眉纱点头:“我想其他也用不到我,重点是六、七年级的课程吧?”
“是的,如果可以的话,希望眉纱能够帮助我。毕竟高年级的课程有一定危险性,有眉纱在我可以更安心一些。”
“没问题,Remus的请求,我怎么会说no?”眉纱笑得灿烂:“需要我的时候你可以随时找我,我绝对随传随到。”
“谢谢你,眉纱,果然朋友还是老的好。”
两个人在非常愉快的气氛中度过下午茶时间。
然后再斯内普的魔药课下课之后,眉纱告辞了卢平,敲响斯莱特林院长办公室的大门。
拉开门,斯内普不悦的看着来人,在发现是她的时候立刻呆板而冷凝。
“真是的……你那么喜欢在我面前装雕像么?”眉纱自顾自走进去,拿他那里最好的酒来倒进杯子,然后窝在沙发里:“这里还是和以前一样呢,少了很多贵重的物件,倒是多了不少珍稀魔药。”
“我的办公室怎样,不需要你来品评。”他走回自己工作的坩埚旁,聚精会神——或者是努力让自己聚精会神在魔药上面。
眉纱不知道自己是该无奈还是该好笑,这个西弗勒斯……真的防自己跟防洪水猛兽一样。
她站到坩埚的另一面,在雾气笼罩下的容颜显得模糊不清,让斯内普多少心里压力没有那么大:“你还想做什么?我这里不是你的房间。”
“你以前从不介意我住在你的房间,甚至在假期还邀请我去你家里玩。”眉纱悠悠说:“这到底是事过境迁你不再想让我踏足你的私人领地?还是你在害羞呢?”
害羞?斯内普猛地抬起头死死瞪着眉纱,不过在接触到她眼波的时候又立刻低下:“或者是你的脑袋出了问题,或者是你需要让庞弗雷夫人治疗一下眼睛。”

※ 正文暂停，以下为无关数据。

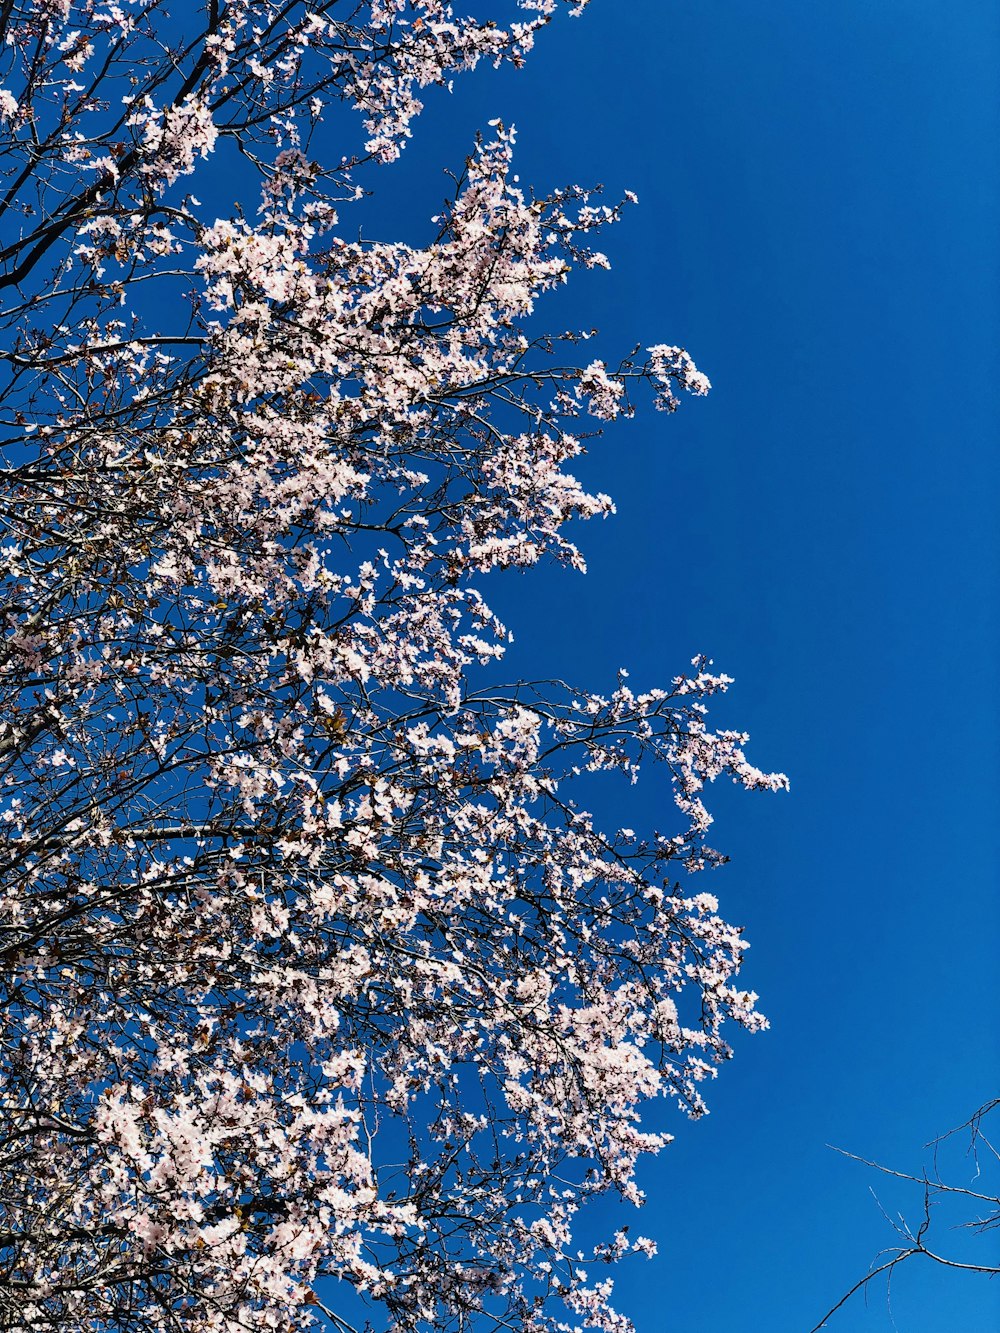 하얀 꽃과 푸른 하늘을 배경으로 한 나무
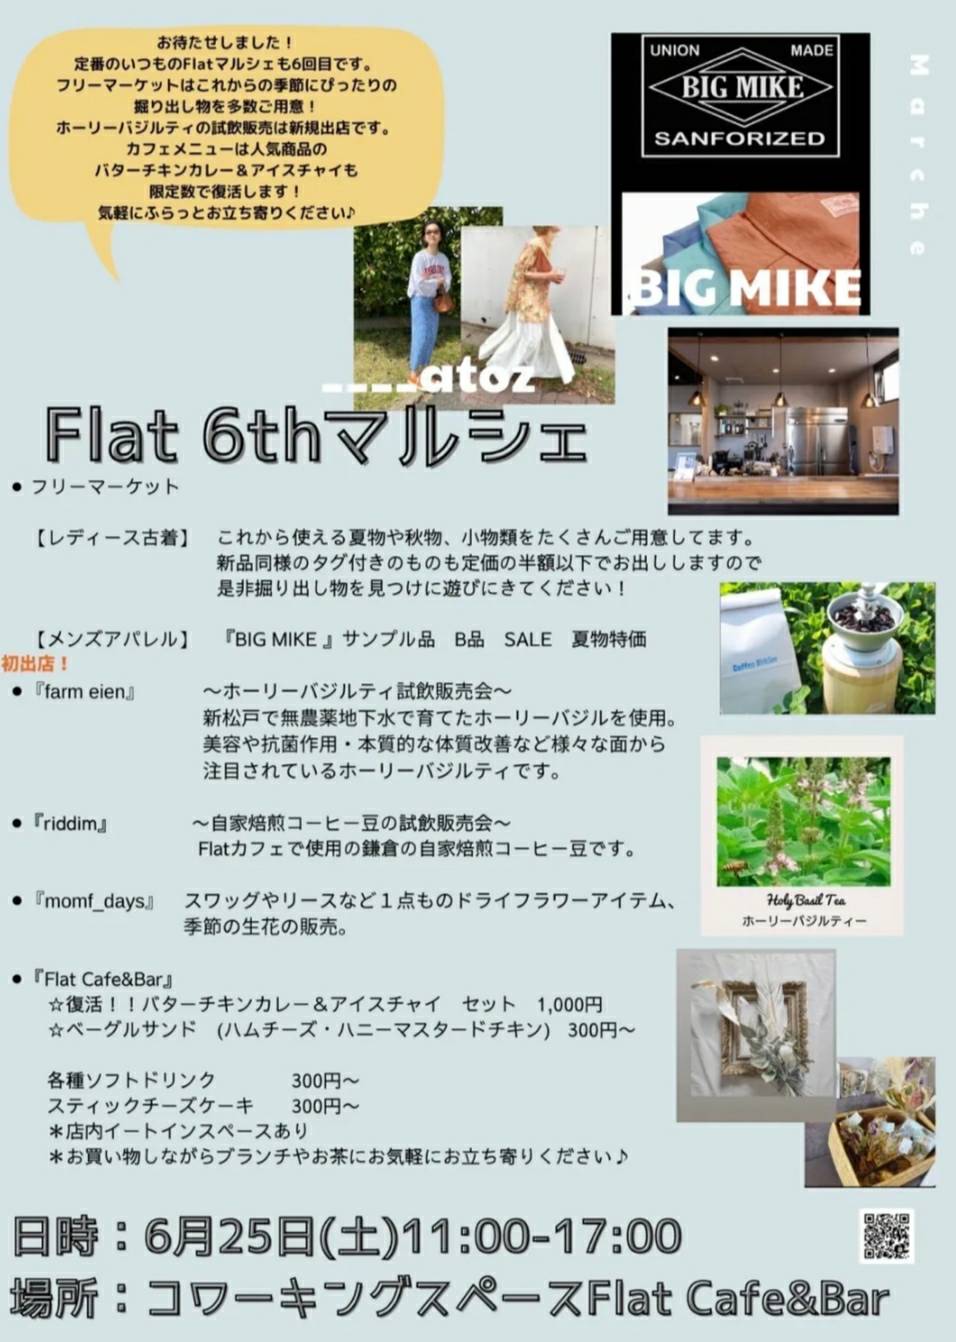 新松戸Flat 6th マルシェフリーマーケットカフェメニューメンズレディース

如果他有哪里像害羞的样子,不是眉纱的眼睛出了问题,就是她的脑袋出了问题。
“你开心。”眉纱忽然说。
“你说什么?”
“我说——你明明因为我回来而开心,却偏偏要做出这样一副样子。心口不一很好玩吗?还是这样会让人觉得对得起自己一些?”
“我没有心口不一!”斯内普表现的无比愤怒。
“是么?那要不要我提醒你,你的手已经很久没有动弹。再过十秒钟,这锅魔药就可以毁了。”眉纱接过斯内普的工作,制作这些药水曾经和斯内普耳濡目染过五年的她来说当然是驾轻就熟。熟练地将最后药材加入,火焰慢慢减小,最后热气腾腾的狼毒药剂出炉。
“在那个时候,狼毒药剂还没有发明呢。”眉纱将它装进长颈大肚子的玻璃瓶中:“不过还好,我以某种方法得到过这副药剂的制作方法。”
将这瓶药水递给斯内普,眉纱柔声说:“算了吧,你明知道自己从来都拿我没办法,又何必一定要如此倔强?”
“因为……这不只是倔强而已。”接过那瓶药水,斯内普的痛苦终于展现在面上:“你可知道,我从那日开始就决定要恨你……已经十七年!”
“恨我十七年吗?真的……好辛苦。”眉纱的声音更加轻柔:“曾经有一个人和我说过,恨是这世界上最辛苦的事情,不光折磨着别人,也折磨着自己。”
“是……很辛苦,但我宁可恨你。”
因为不想让自己因为思念而无助,因为渴望而疯狂。曾经将自己生命中最爱的女子当作全部,可当她突然消失,要如何让这没有生命与灵魂的躯壳动起来?或者他差点死去,或者他更加渴望,期盼着这样一天眉纱会回来他身边,期盼再一次听到她的轻柔细语。所以他让自己恨,只要不爱就不会疯狂,只要恨就可以牢牢记住。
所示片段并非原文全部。